Stenciled, in an “official” type on either side: 

IN MEMORIAM

 

 

Accident

 

        A trace of windy, summer glare, your eyes unraveling in your hair, an emerald brocade.

The song,

Le songe,

        A lovebird in pearly twigs moves about your shoulder fading to white at the watermark.  In a prismatic fever, only a thin fissure of blood descends from your ear to disturb the perfect heat of the asphalt.

 

 

Fortune

 

        I should have a much greater fortune.  My fortune, while fastened tightly to my attractive alligator belt in an ivory inlaid tortoiseshell heirloom clasp, does exert a considerable gravity on my person.  But it is still too exposed, by its relative lack, to the covetousness of the weightless.  Were my fortune greater it could be eternally defended by an innate implacability.  Then, and only then, could my head rest easily upon my whalebone collar.

 

 

Avatar

 

        Arms rippling with opaque fire, the Avatar is easily distinguishable from all other semiphenomenal beings.  However, one must never make the (often fatal) mistake of confusing this distinguishability with a specificity of any kind—lest your phenomenal body become unhinged by the Avatar’s spatial inconsideration. 

 

 

Meanwhile, on the Planet of Unchecked Industry

 

        The tiny, quadrilateral tiles, placed long ago in spectrum of crimson and turquoise, lead in acute angles to a short, grated sewer conjoining decrepit steel walls.  The passengers scrape uneasily into each other in a stilted pace, chafing flakes of resinous char from their protective suits.  A harsh, metallic rumbling couples with the hum of generators embedded in the walls, loosening the rigid patterns of the crown into a fluid mass pouring to the edge of the platform.  The pitch-black orifice of the tunnel suddenly emits a terrible cloud of coal-smoke, the thickness of which is soon illuminated by the headlight of the engine pulling into the station. 

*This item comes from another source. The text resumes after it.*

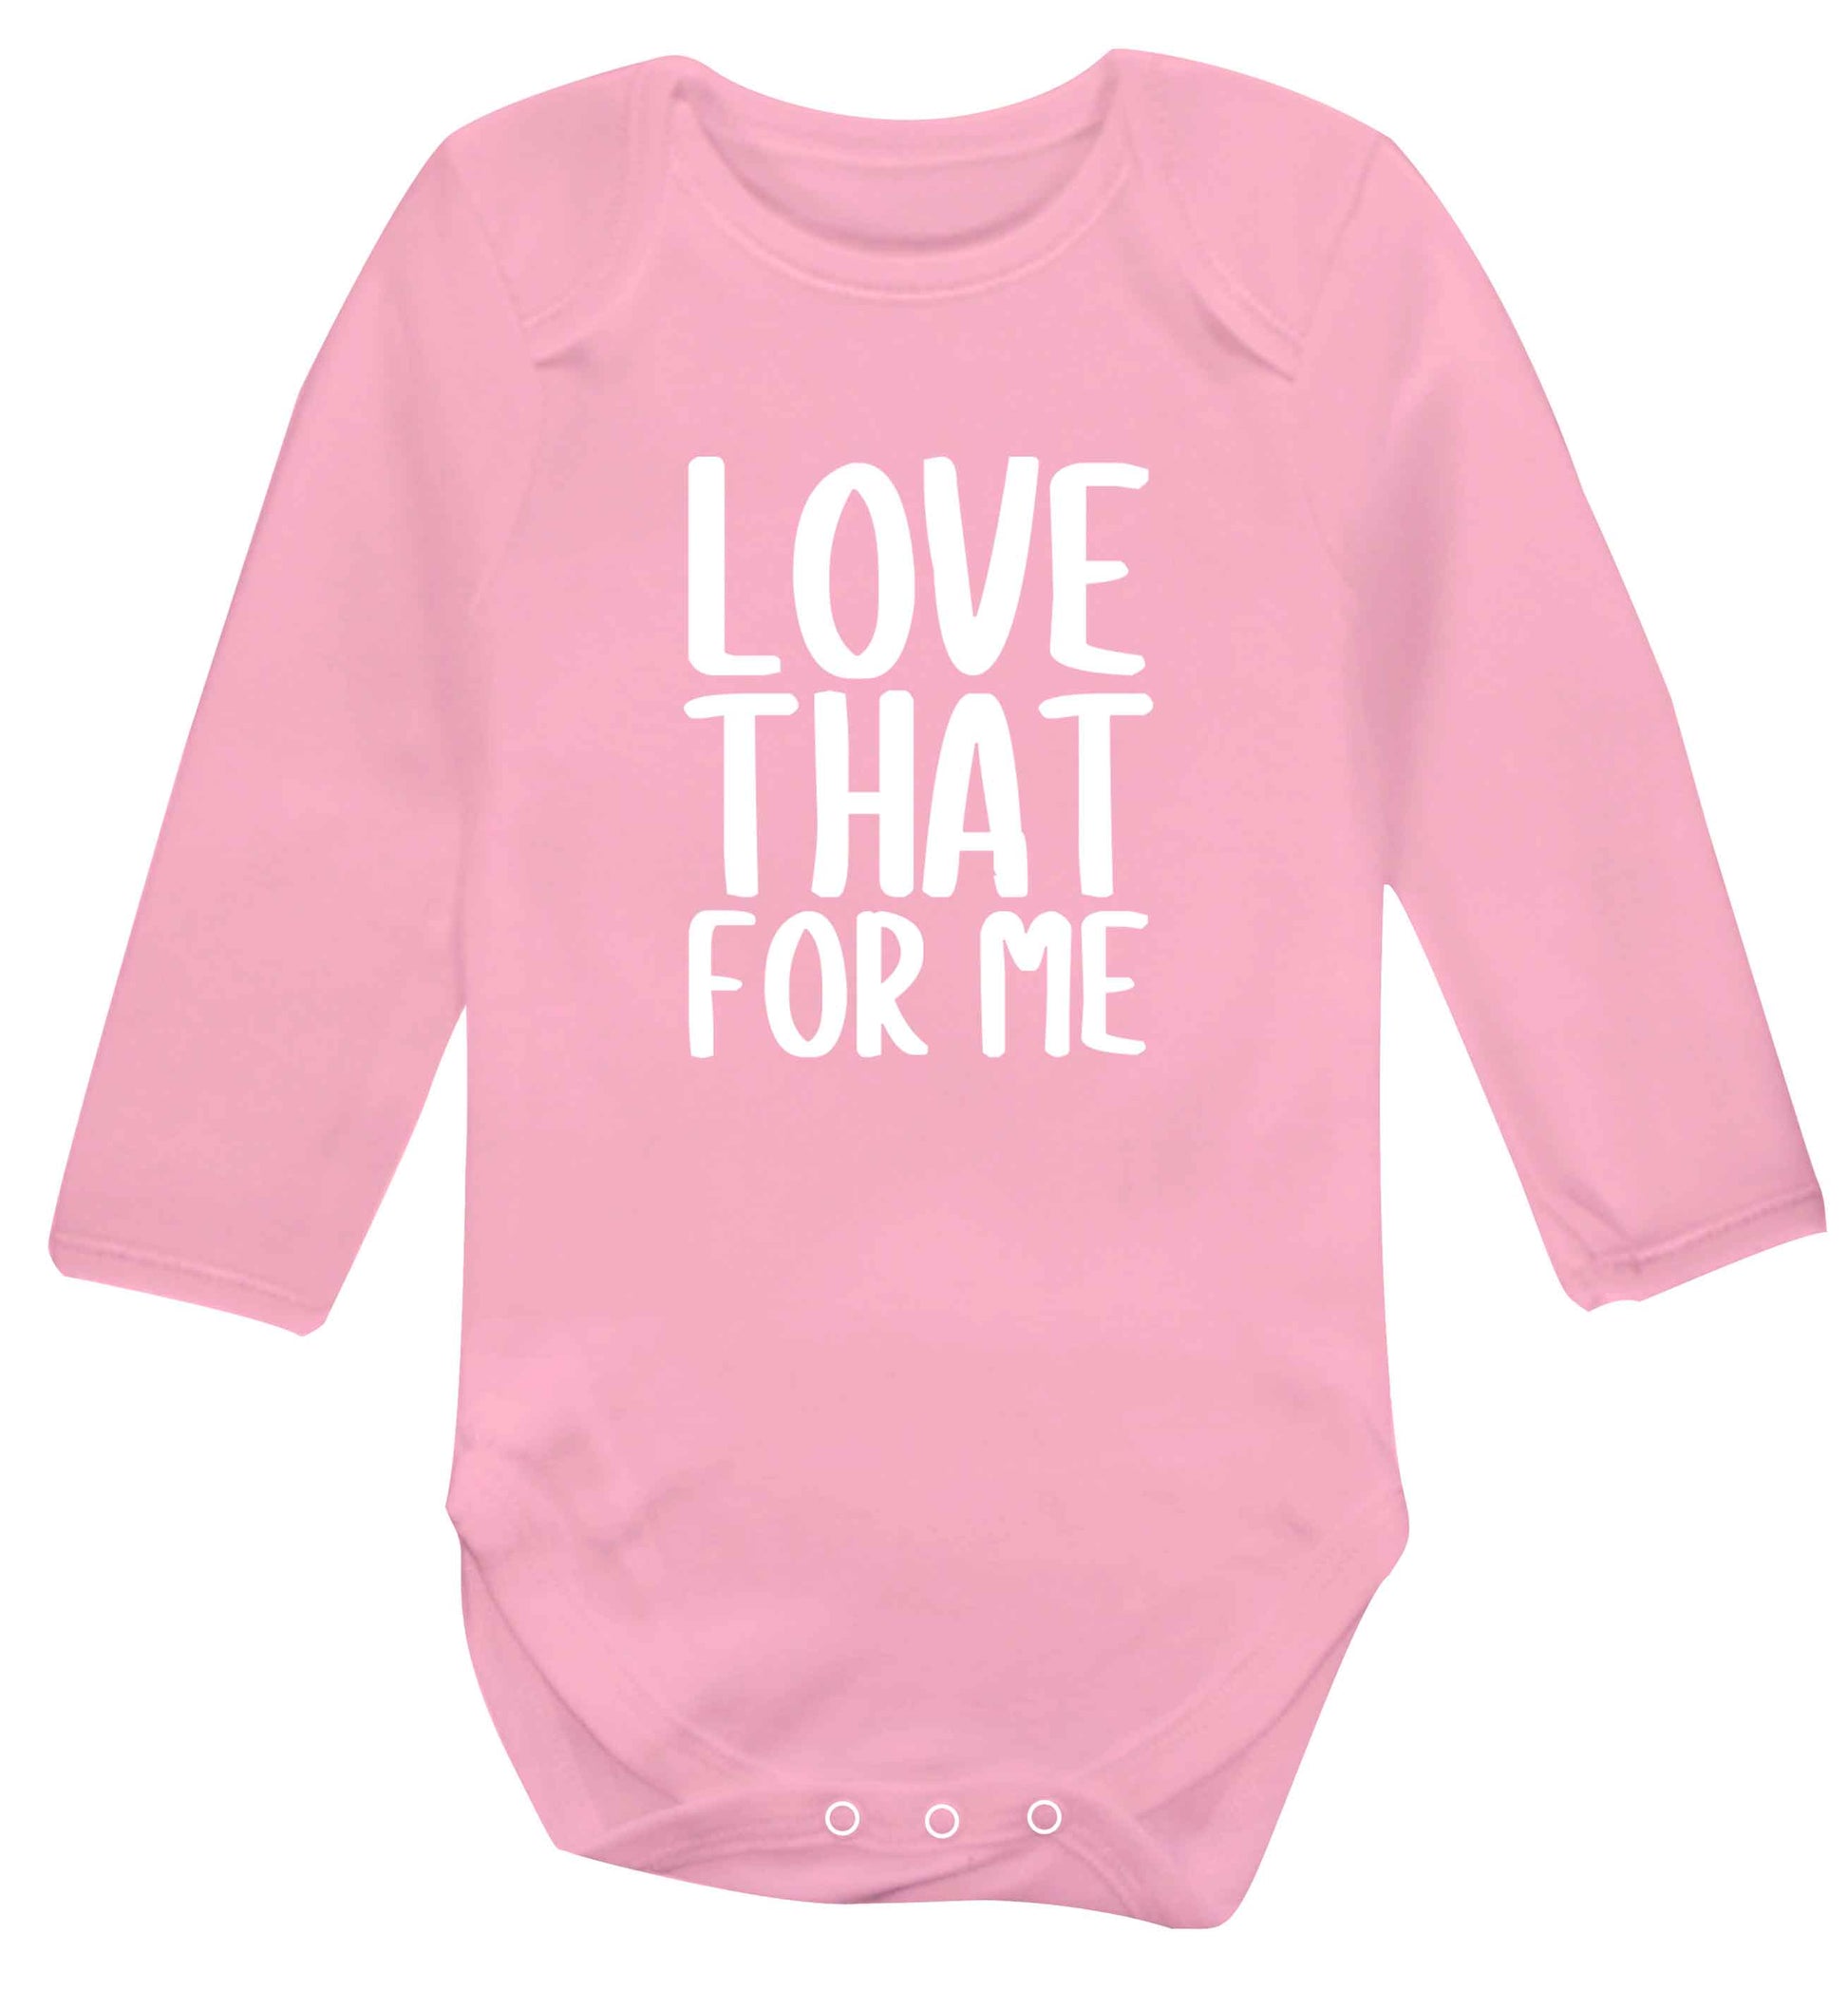 We love this for YOU! Who else loves saying this?!  baby vest long sleeved pale pink 6-12 months

        What happens next is difficult to see, as the black forms of passengers board and exit the cars amidst the miasma that now, muddy and sticky, fills the entire station, sticking to the thin, plastic visors that must be constantly brushed clean in order to successfully navigate the endless city.

 

 

1/0

 

        Just as the light could not be said to exist exclusively in waves or particles, falling yellow on her sweaty nape, neither was her throbbing pain located exclusively in the purple hemorrhage on her leg or in the feverishly expanding capacity of her encephalon.

 

 

A Disproportionate Algorithm

 

        Underneath, Ayurveda wrestled with a dictionary.  Arms strained massive folds of gold-lined reams.  Her defeat appeared inevitable after she took a well-timed blow from actuate-adamantine­, but her victory became clear as she pinned her blunt shoulder squarely upon cataract.  A dark, quick heave of dust sprang from the tattered spine as she pressed the book onto a razor-like appendage of granite.

        Elsewhere, in the interplay of evergreen and amber pine needles, an arachnid observed her dancing through the polyopticon.